Fourier transform shows that any signal can be expressed as the superposition of multiple sine wave and cosine wave signals with different amplitudes and frequencies. If cosine is used, it is cosine transform, and if the input signal is discrete, it is discrete cosine transform.
DFT Transformation:
clc %Clear the contents of the command window close all %Close all Figure window clear all %Clear all variables in the workspace I=imread('Fig.tif'); figure(),imshow(I),title('original image '); len = length(I(:, 1, 1)); wid = length(I(1, :, 1)); lenLeft = mod(len, 8); widLeft = mod(wid, 8); I(1:lenLeft, :, :) = []; I(:, 1:widLeft, :) = []; fun = @(x) fft2(x); I = blkproc(I, [8 8], fun); fun = @(x) ifft2(x)/255; I = blkproc(I, [8 8], fun); figure(), imshow(I), title('after DFT Transform, and then inverse the transformed image'); imwrite(I,'DFT.jpg'); A=imread('Fig0831(a).tif'); B=imread('DFT.jpg'); a=double(B)-double(A); [m,n]=size(a); rmse1=sqrt(sum(a(:).^2)/(m*n))
DCT transformation:
clc %Clear the contents of the command window close all %Close all Figure window clear all %Clear all variables in the workspace I=imread('Fig0831(a).tif'); figure(),imshow(I),title('original image '); %% len = length(I(:, 1, 1)); wid = length(I(1, :, 1)); lenLeft = mod(len, 8); widLeft = mod(wid, 8); I(1:lenLeft, :, :) = []; I(:, 1:widLeft, :) = []; %% %DCT Transformation fun = @(x) dct2(x); I = blkproc(I, [8 8], fun); %% %quantification S = [ 16, 11, 10, 16, 24, 40, 51, 61; 12, 12, 14, 19, 26, 58, 60, 55; 14, 13, 16, 24, 40, 57, 69, 56; 14, 17, 22, 29, 51, 87, 80, 62; 18, 22, 37, 56, 68, 109, 103, 77; 24, 35, 55, 64, 81, 104, 113, 92; 49, 64, 78, 87, 103, 121, 120, 101; 72, 92, 95, 98, 112 ,100, 103, 99 ]; fun1 = @(x) fix(x./S); I = blkproc(I, [8 8], fun1); figure(2), imshow(log(abs(I)),[]),title('DCT Transformation&quantification'), colormap(gray(4)), colorbar; h = length(I(:, 1)); w = length(I(1,:)); fun2 = @(x)x.*S; I = blkproc(I, [8 8], fun2); fun = @(x) idct2(x)/255; I = blkproc(I, [8 8], fun); figure(), imshow(I), title('after DCT Transform, and then inverse the transformed image'); imwrite(I,'DCT.jpg'); A=imread('Fig0831(a).tif'); C=imread('DCT.jpg'); b=double(A)-double(C); [m,n]=size(b); rmse2=sqrt(sum(b(:).^2)/(m*n))
Through the block transform coding of DFT and DCT respectively, the information carrying capacity of DCT is stronger than that of DFT, but the best transform in information carrying is K-L transform.

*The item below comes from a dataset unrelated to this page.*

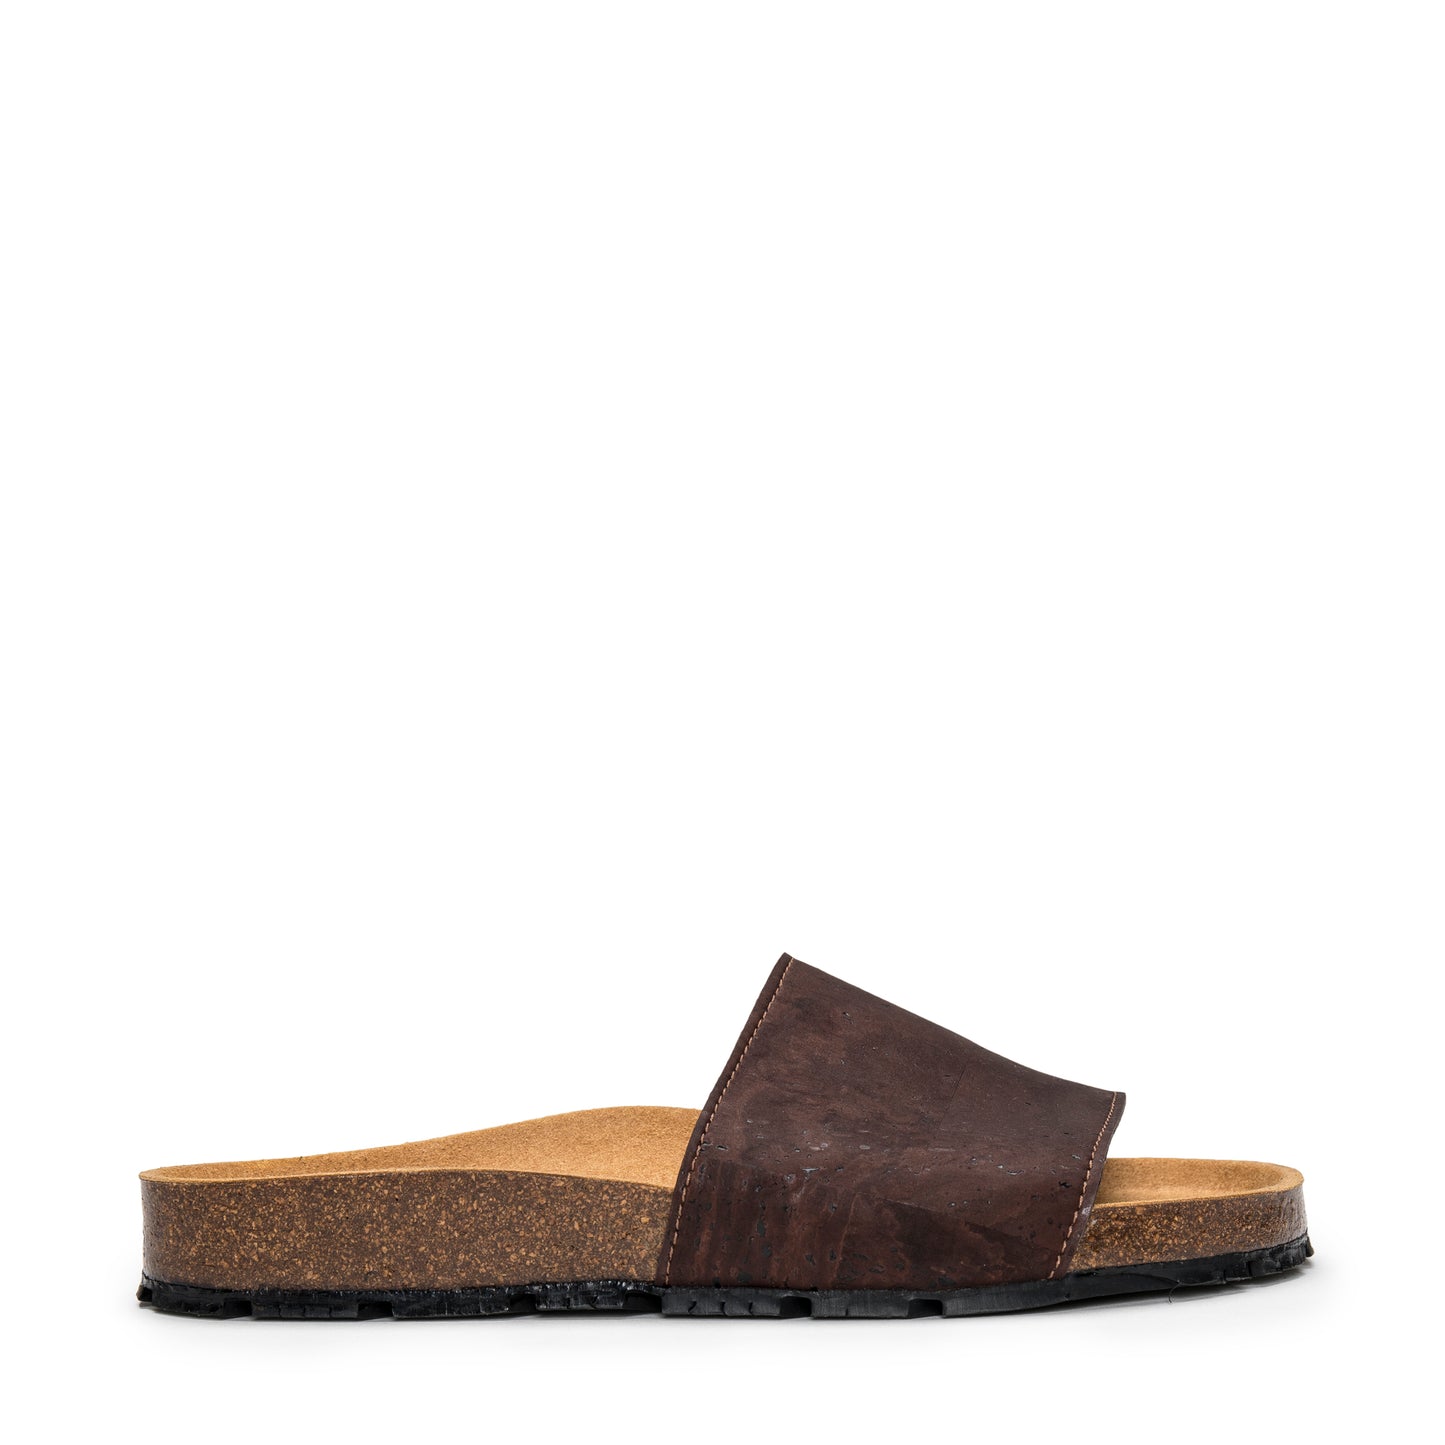 Bay Cork slip on vegan sandals

The compression efficiency of K-L transform is very high, but the algorithm is difficult to implement; The implementation of DFT transform algorithm is simple, but the compression efficiency is not very ideal. Although DCT transformation is not the best transformation, it is a common transformation method because of its simple calculation.
DCT transform has the following advantages: it can be realized by monolithic integrated circuit, the most information can be loaded into the least coefficients, and the block effect called block defect can be minimized when the boundary between sub images becomes visible. DCT provides a good compromise between information carrying capacity and computational complexity.